It has become increasingly clear that the reliable evidence needed for decision making in health as in other fields has to be based on all existing knowledge and that re-analysis of raw data of research performed is the way to get it.
The opening of research data is a relatively new field enabled by increasing possibilities of digital technology (1). The opening of clinical trial (CT) data is part of the overall tendency to achieve open science. The increased sharing and reuse of data is expected to lead to positive scientific, ethical, health, and economic outcomes promising to improve the quality of research and speed up knowledge creation, thus contributing to research integrity (2). Through the opening of CT data, we could avoid unnecessary research, provide more reliable evidence for decision-making, reduce research waste, enable entrepreneurship, and facilitate innovation. This is a complex process largely influenced by culture, perceptions, and policies of numerous key players. The January 2016 proposal by the International Committee of Medical Journal Editors (ICMJE) to request the sharing of raw data from published CTs is an example of a recent initiative aiming to increase the reusability of CT data (3) and it came as no surprise that it triggered a big interest considering the impact of their 2004 trial registration statement (4).
In order to achieve broader sharing and eventually opening of CT data, numerous barriers and obstacles must be overcome. The effort to find a new balance of CT data sharing has intensified, and there currently exist a number of data sharing initiatives led by various players. This process would benefit from the observation and assessment of its dynamics and an observatory or natural experiment is proposed as a methodology of choice to inform and contribute to its progress.

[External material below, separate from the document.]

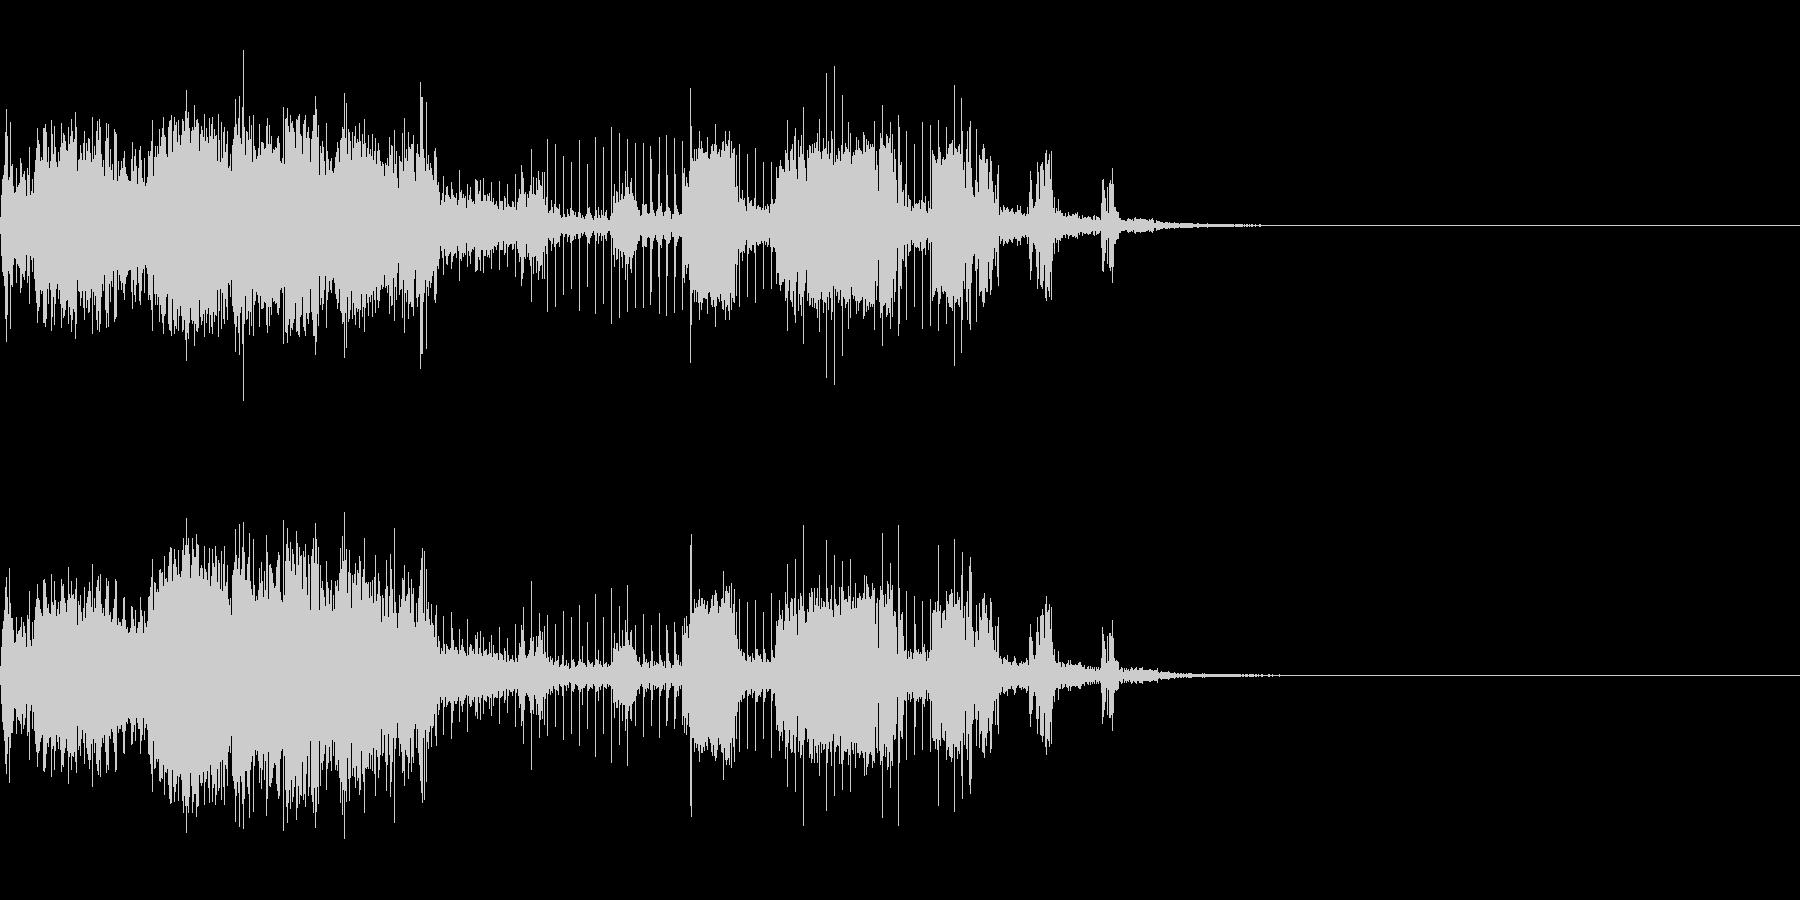 スパーク音-29の未再生の波形
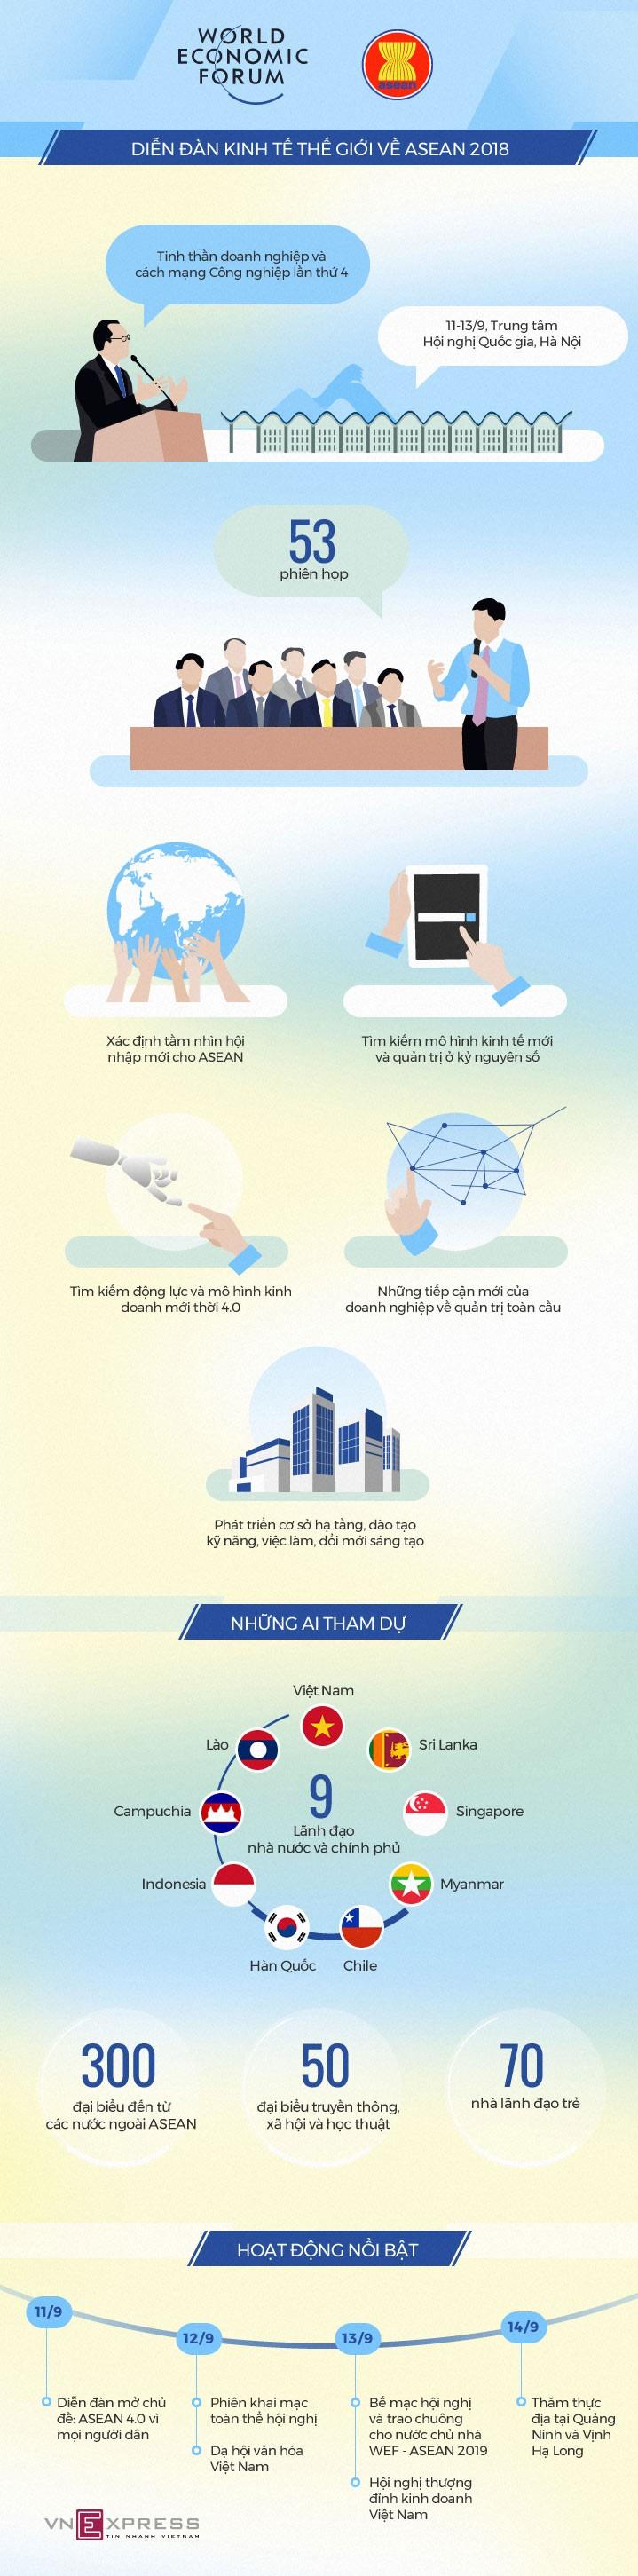 [Infographics] Toàn cảnh WEF ASEAN 2018 sắp diễn ra ở Hà Nội ảnh 1

It is widely accepted that the level of reliability of evidence needed for evidence-informed decision-making increases from in vitro to interventional studies, as is illustrated by the famous evidence pyramid presented in Figure 1.
The plethora of research studies that mostly build on each other from basic via observational to interventional studies produce findings that need to be critically verified. The critical appraisal of randomized controlled trials (RCT), which are considered by many to be the gold standard, was first introduced through systematic reviews (5). The evolution of literature review is important for understanding data sharing. It evolved from the simple literature review all the way to the Cochrane overview of systematic reviews, with critical reviews of literature, overviews, systematic reviews and Cochrane systematic reviews in between.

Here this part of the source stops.